Go Back

A Simple Toasted Muesli

Prep Time 7 minutes
Cook Time 30 minutes

Ingredients

  • 2 cups Rolled Oats or Flaked Quinoa
  • 1 cup Shredded Coconut
  • 2 tbsp Coconut oil
  • 2 tbsp Rice Malt Syrup or to taste
  • 1 cup Puffed Rice
  • 3/4 cup Puffed Quinoa
  • 1/4 cup Sunflower Seeds
  • 1/4 cup Pepitas pumpkin seeds
  • 1/2 cup Flaked Almonds
  • 1/2 cup whole almonds chopped
  • 1/2 cup mixed nuts chopped hazelnuts, macadamia, pistachio

Instructions

  • Preheat oven to 160C (fan forced).
  • In a baking dish combine oats and coconut.
  • Add the coconut oil and rice malt syrup and place in the oven for 5 minutes. Remove and evenly mix the oil and syrup through the oat mix. (this is easier to do once the oil and syrup have melted)
  • Place back into the oven, stirring frequently until evenly toasted and lightly browned all over, approx 30 mins.
  • Allow to cool in the baking dish.
  • Meanwhile in a bowl combine the remaining ingredients, adding the oat mix once it has fully cooled. Mix to evenly distribute.
  • Store in a glass jar or brown paper bags.

Notes

This recipe can be doubled or tripled, with out any extra effort.
If you are sensitive to oats use instead a combination of flaked quinoa and rolled rice.

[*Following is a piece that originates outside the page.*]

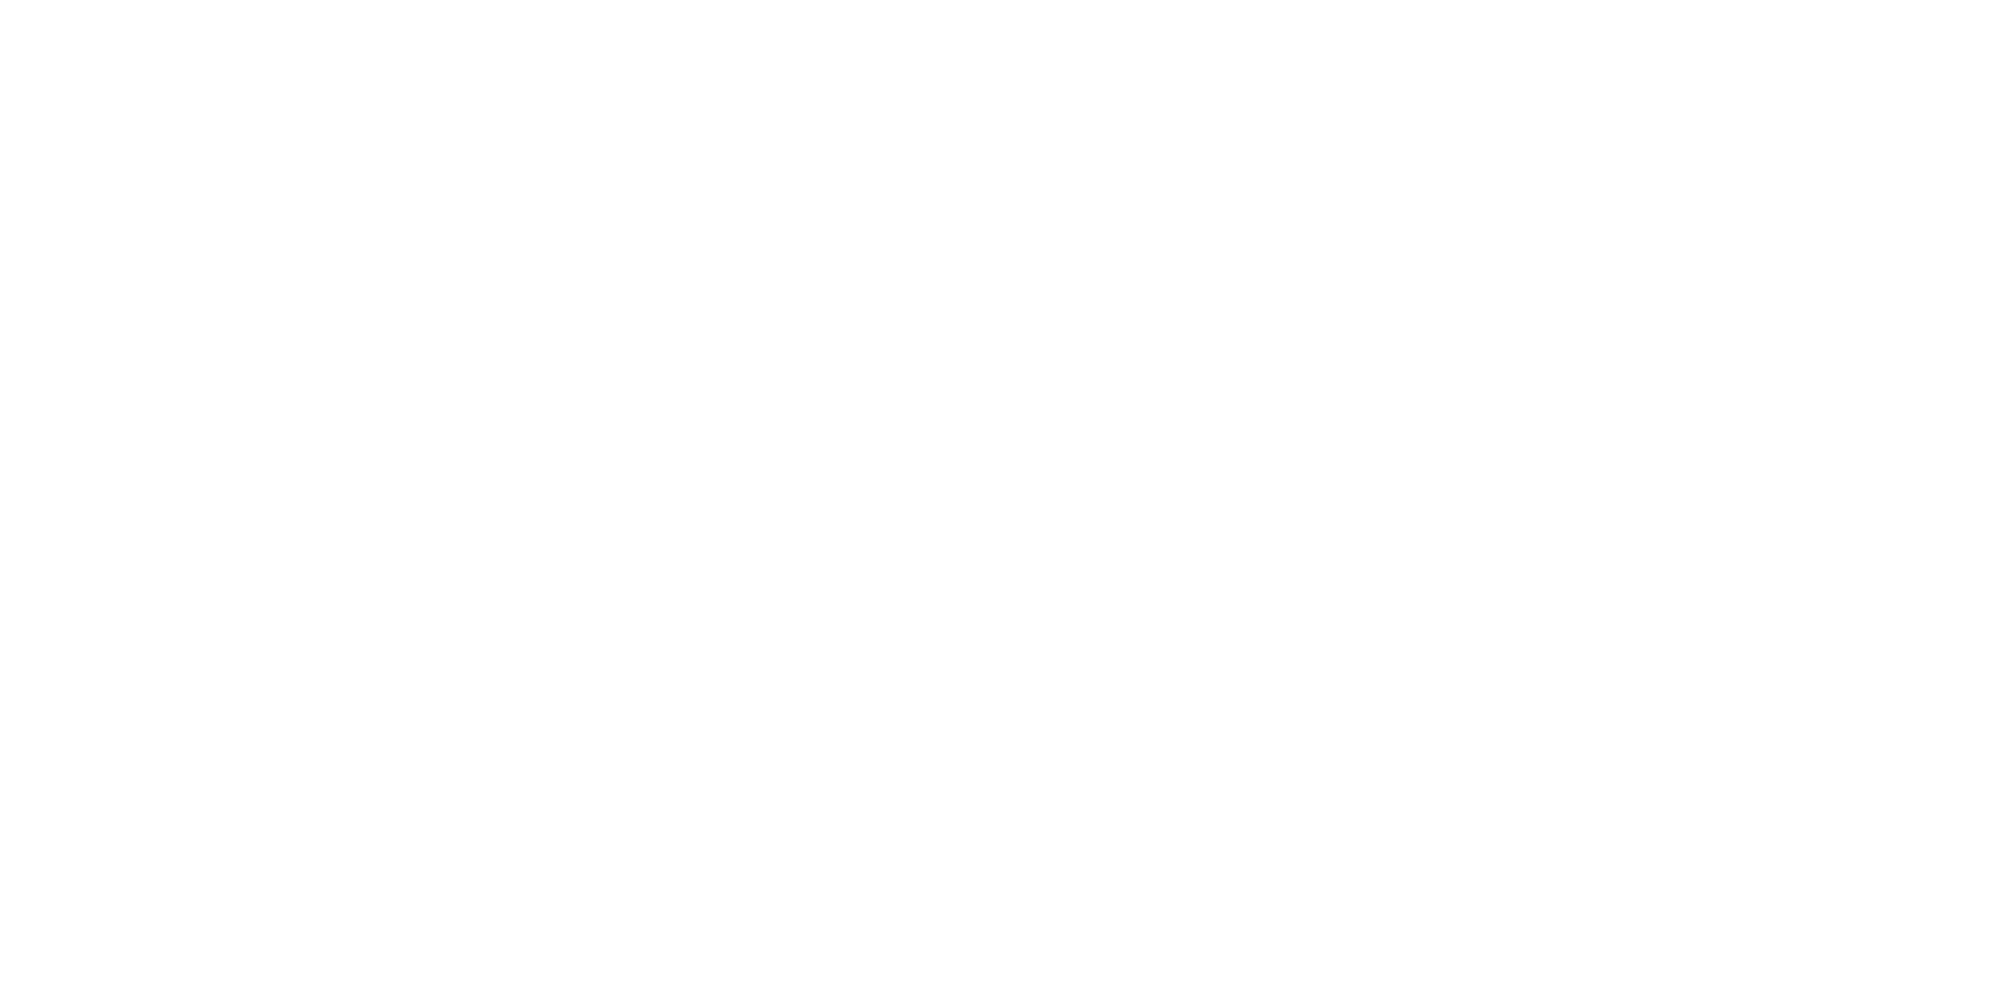 Nehslo Animation Studios Logo

Pre soak each, in water or fruit juice for 15 minutes before starting the recipe.
Olive oil can be used instead of the coconut oil.
Honey, Maple syrup, agave Nectar, golden syrup or date syrup are all great substitutes for the rice malt syrup.
Rice malt syrup and coconut oil, puffed rice are all available from major super markets, health food stores and online.
Puffed Quinoa is available from health food stores and online.
Any combination of nuts or seeds will work in this muesli, not a fan of pistachios, no problem use walnuts or cashews instead.
If you are adding dried fruit to your muesli, add them in at the last step.